Rakhi Ghosh| Konark 17 May 2014, Vol 5 Issue 20

The rock of temple of Konark is internationally renowned for its exquisite sculpture going back to an ancient time. But that spirit of artistic endeavour continues to live on in this region, albeit in different forms and settings.

Reflecting this are four talented women sand sculptors from Odisha – Sonali Muduli, Ananya Kar, Amrita Priyadarshani and Sumitra Sahu, who had participated as a team during the recent International Sand Art Festival held on Chandrabhaga beach near Konark.

For artists like Sonali, Ananya, Amrita and Sumitra, sand sculpture is far more meaningful than any other art form (Photo:
Debasis SinhaWFS)

Sand art is a very unique art form and allows the artist a broad canvas on which to create enormous shapes like a huge Jagannath temple or compact human and animal forms.

The artist, using only a few instruments, can also make a foray into abstract art or create public-art-for-a-cause to send out particular messages to society.

The best part of this art form is that the materials used are never wasted even if something were to go wrong. If the lines of a drawing go askew, it will need to be redone; if the colours of a painting are not quite right, it may have to be discarded. Here all the artist does is to re-fashion his or her art and carries on!

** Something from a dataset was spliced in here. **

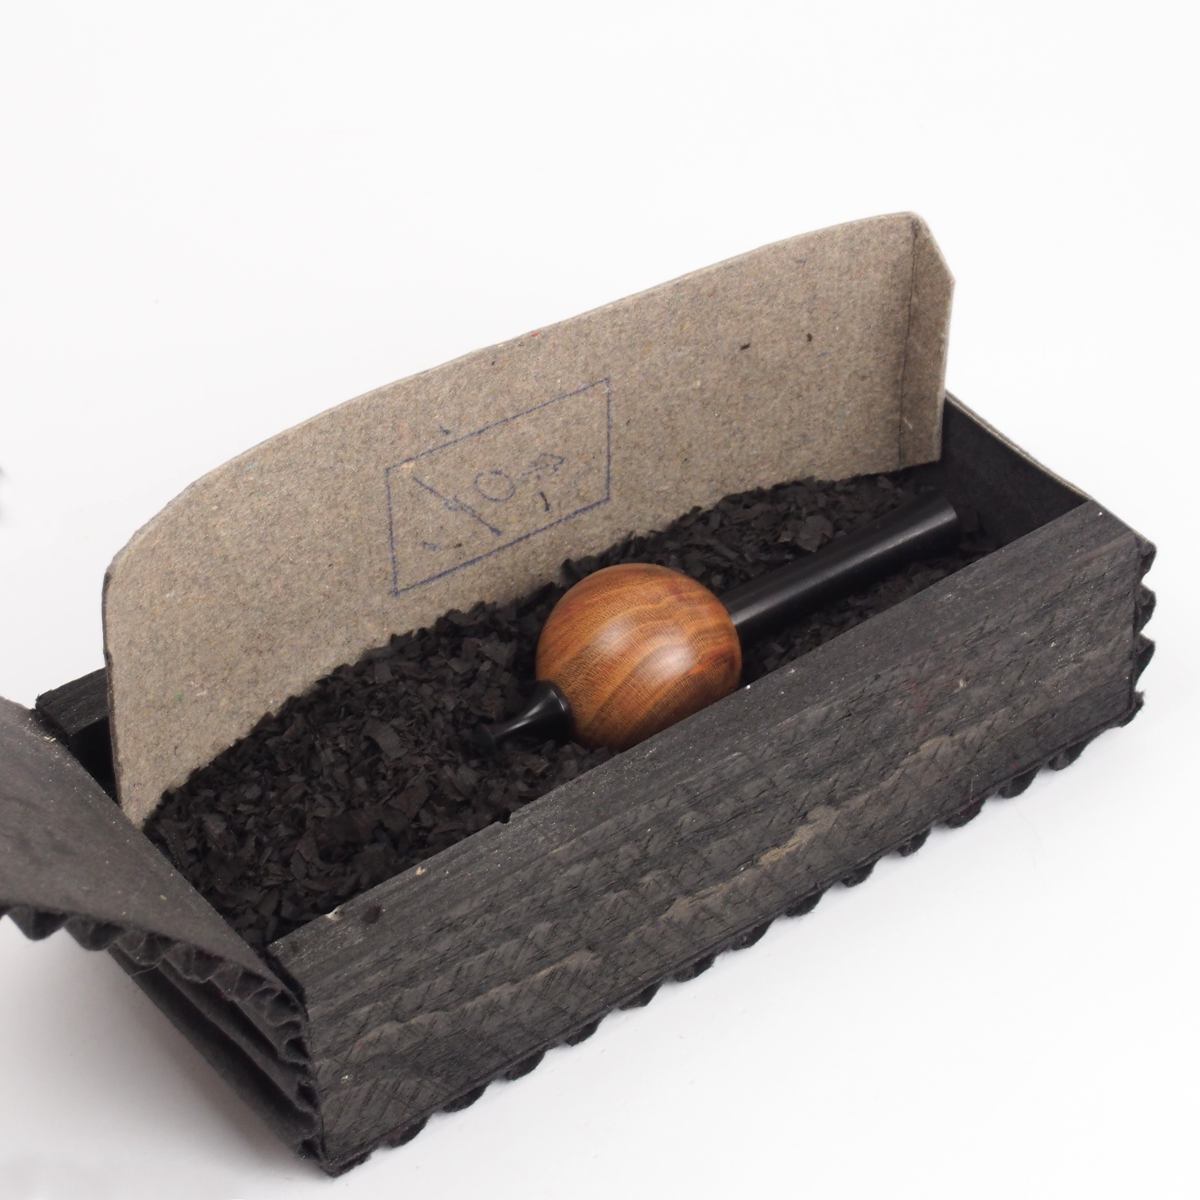 The Spinning Top comes in a gift box made of wood and cardboard

The sand sculpting scene has generally been a male dominated one. It was for first time that these four women sand artists, working as a team, participated in an international festival of this kind in front of the public, competing with talent from several western countries.

They fashioned a theme-based concept out of sand, which projected the five elements of conservation-culture, heritage, water, nature and sustainability. It was appreciated by a large audience of five lakh visitors, many of them domestic and foreign tourists, who had visited the beach specifically to witness this unique festival.

Talking about the experience, Sonali – who has been learning this art form for the last seven years under the guidance of noted sand sculptor, Sudarshan Patnaik, a Padma Shri awardee – argues that this art form is totally different from other art forms.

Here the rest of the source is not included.